The following query runs very slowly because it tries to find all relations of Language (there is only one relation with Article):
PROFILE MATCH (article:Article)-[r:IN_LANGUAGE]->(language:Language)
WHERE elementId(article) = '4:a5ad2f22-47ff-4fcc-a208-358646d5b3ec:261210970'
AND elementId(language) = '4:a5ad2f22-47ff-4fcc-a208-358646d5b3ec:1074513'
RETURN r
However, using an indexed property, it does what I would expect:
PROFILE MATCH (article:Article)-[r:IN_LANGUAGE]->(language:Language)
WHERE article.uuid = '57686315-e27e-42bd-bbef-3736f9d896f9'
AND language.uuid = 'af8bd5c02b8211e8b26f020bc29461c8'
RETURN r
Unfortunately, my use case requires the use of node element IDs.
Does anyone know why this is happening, and if I could optimize this query? I'm guessing internally elementId() or id() works differently than indexed properties, but somehow this behavior looks very weird to me.
I don't think elementID is hashed the same way as an index and would suggest you figure a way of migrating away from elementID() or you might start having weird behaviours.
Quote:
There are important considerations to bear in mind when using elementId():
Every node and relationship is guaranteed an element ID. This ID is unique among both nodes and relationships across all databases in the same DBMS within the scope of a single transaction. However, no guarantees are given regarding the order of the returned ID values or the length of the ID STRINGvalues. Outside of the scope of a single transaction, no guarantees are given about the mapping between ID values and elements. 2. Neo4j reuses its internal IDs when nodes and relationships are deleted. Applications relying on internal Neo4j IDs are, as a result, brittle and can be inaccurate. It is therefore recommended to use application-generated IDs.
Could you send the PROFILE plan of the faster query for comparison?
We'll want to double-check if the slowdown is actually because of the lookup (doubtful) or some other aspect of how the query is planned which we may be able to change.
Specifically, in the PROFILE plan for the slower query which you provided, it looks like it's starting from the :Language node and expanding to all articles in that language before filtering down.
That would naturally be slow, but expanding in the opposite direction should be fast. We would want to nudge the planner to start by matching on the :Article node, and expanding to the languages that it's in, and filtering down to the desired node.
You can use a SKIP 0 to create a barrier to the planner, where it will have to solve patterns prior to the SKIP before it can proceed.
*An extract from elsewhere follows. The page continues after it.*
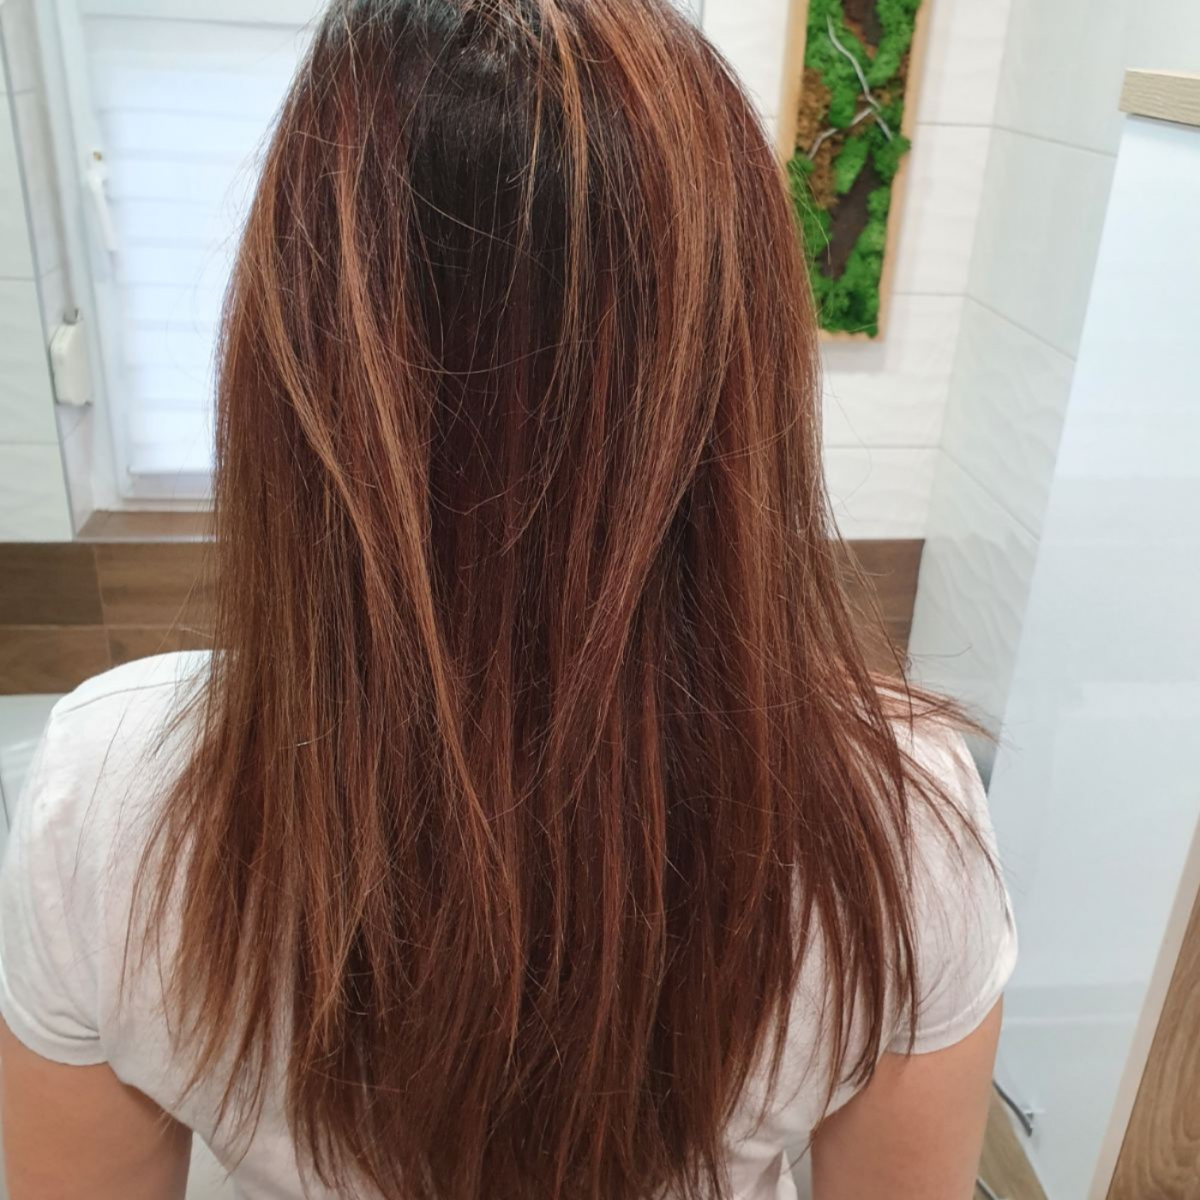 This is how my hair looked before treatment. It is washed two days ago, blow-dried, and ironed. I also use argan oil on my ends. 
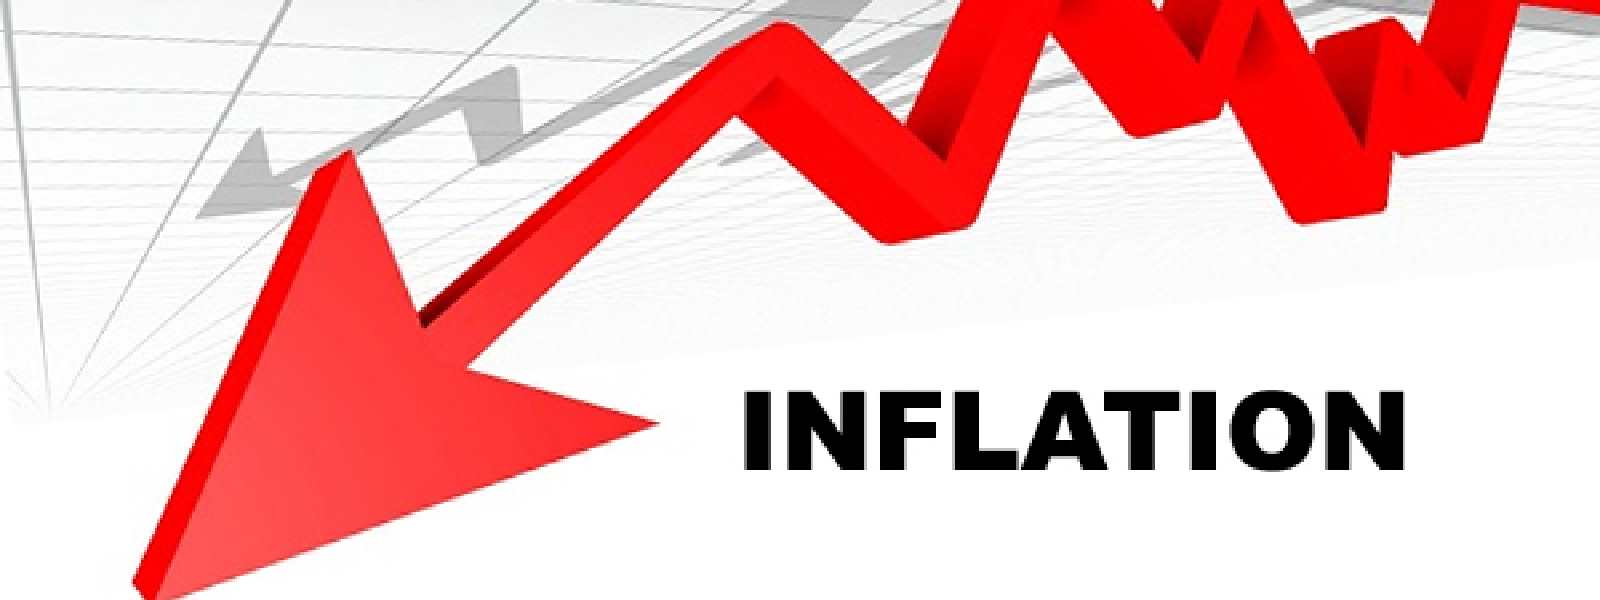 Sri Lanka inflation in August dropped to 2.1%

By putting the filtering of the :Language node on the other side of the SKIP, it should cause the planner to expand from the article node.
Give this a try:
PROFILE
MATCH (article:Article)-[r:IN_LANGUAGE]->(language:Language)
WHERE elementId(article) = '4:a5ad2f22-47ff-4fcc-a208-358646d5b3ec:261210970'
WITH article, r, language
SKIP 0
WHERE elementId(language) = '4:a5ad2f22-47ff-4fcc-a208-358646d5b3ec:1074513'
RETURN r
It may be expanding and filtering instead of doing a NodeByElementIdSeek, but it should still be faster due to the cheaper expansion.